Pictures stay out of the copy. Retype exactly the lines below from the one with "nike-tech-fleece-multicolor-hoodie-red-blue-yellow-1" through the one with "Belvoir Raspberry Lemonade".

→ **DATA PROVIDED**:
# # # # #

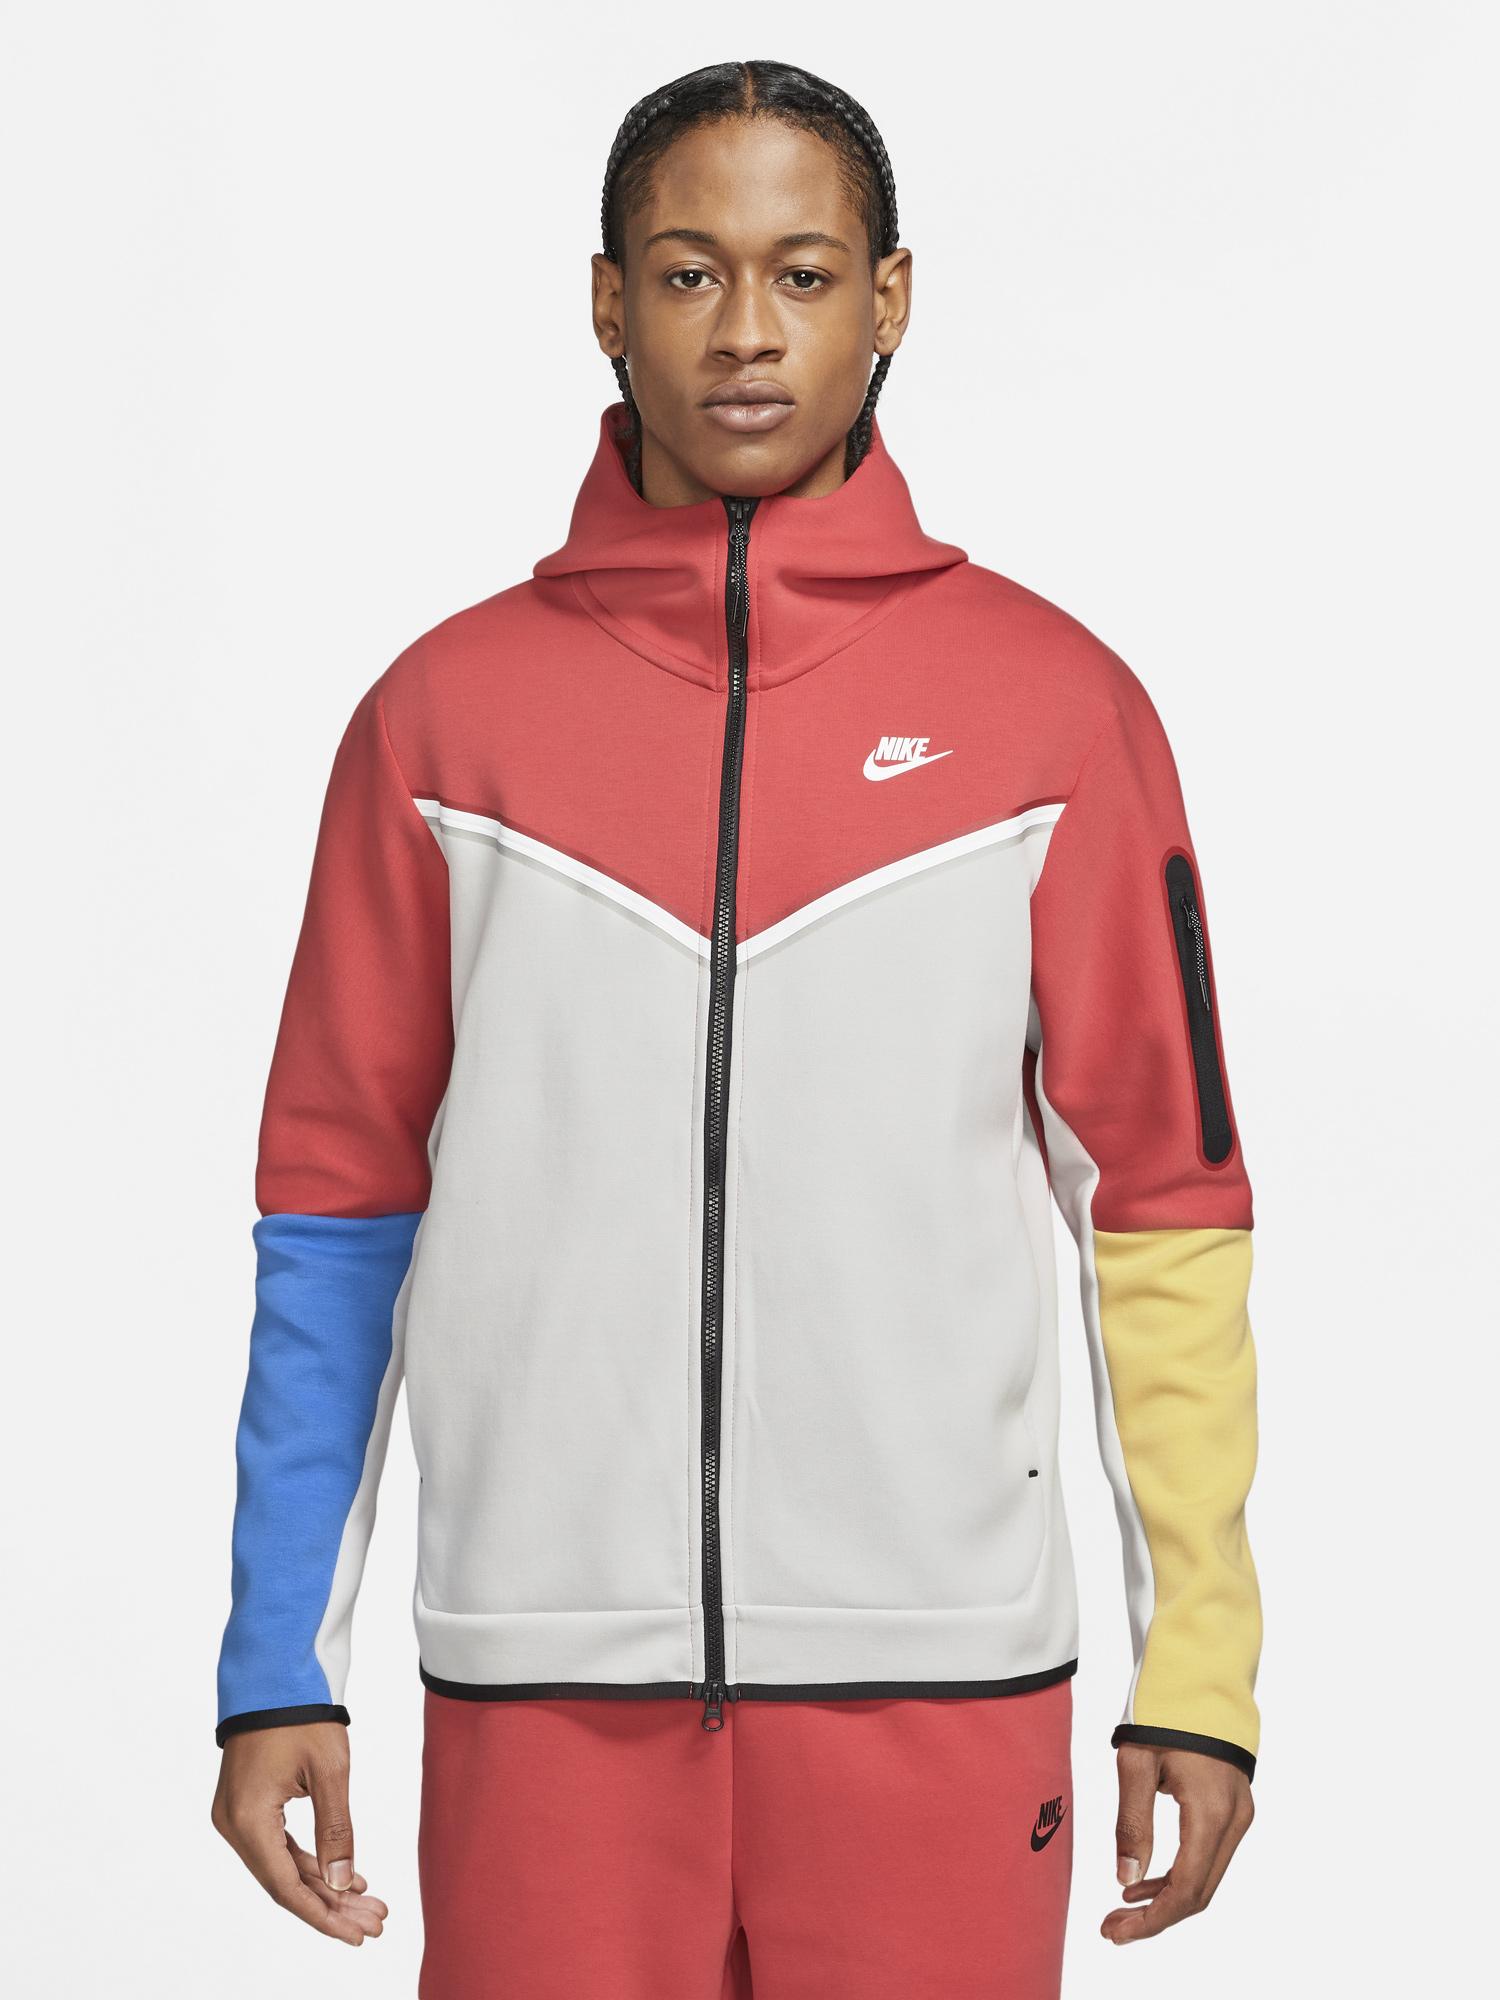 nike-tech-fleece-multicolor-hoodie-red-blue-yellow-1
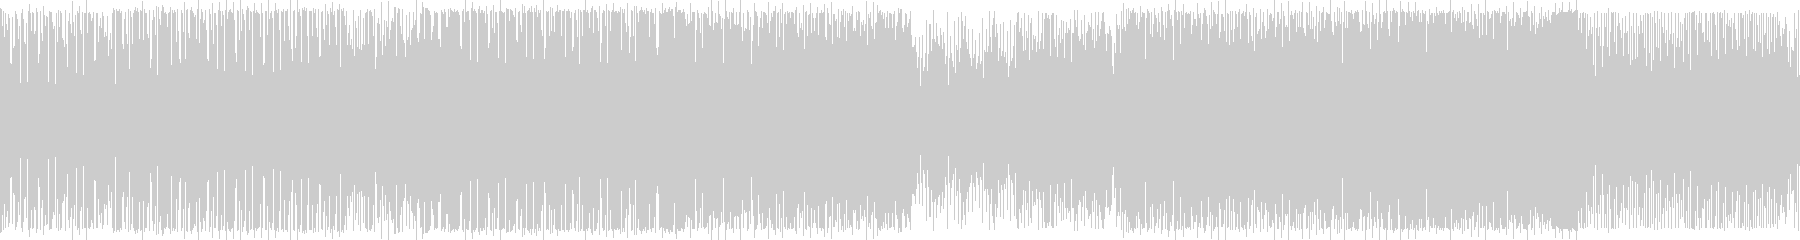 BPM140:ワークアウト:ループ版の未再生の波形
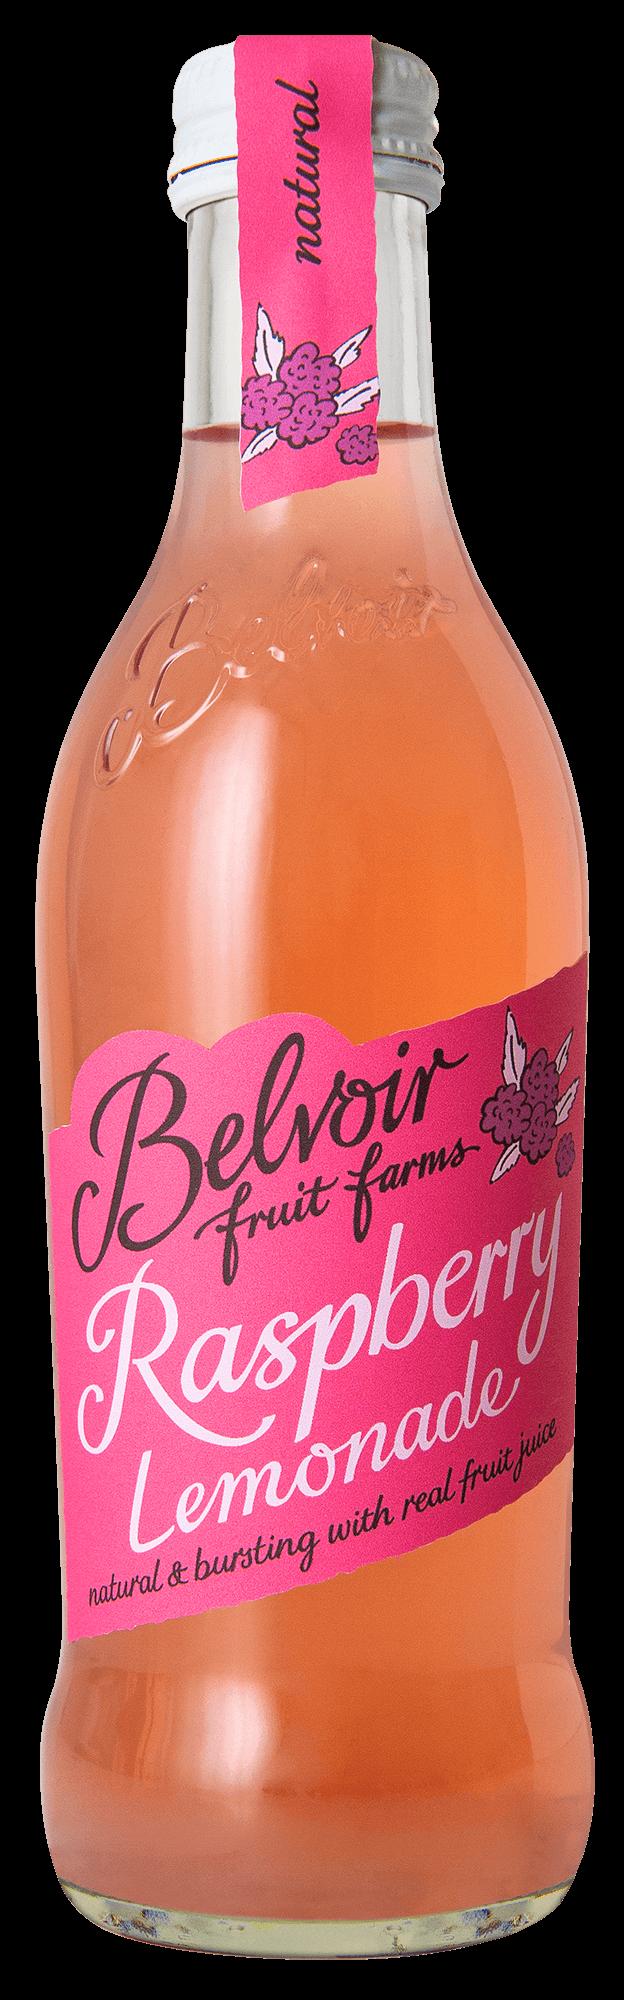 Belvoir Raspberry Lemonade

# # # # #

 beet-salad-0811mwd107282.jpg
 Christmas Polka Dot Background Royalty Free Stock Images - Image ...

# # # # #

→ **SOLUTION TO THE EXERCISE**:
 nike-tech-fleece-multicolor-hoodie-red-blue-yellow-1
 BPM140:ワークアウト:ループ版の未再生の波形
 Belvoir Raspberry Lemonade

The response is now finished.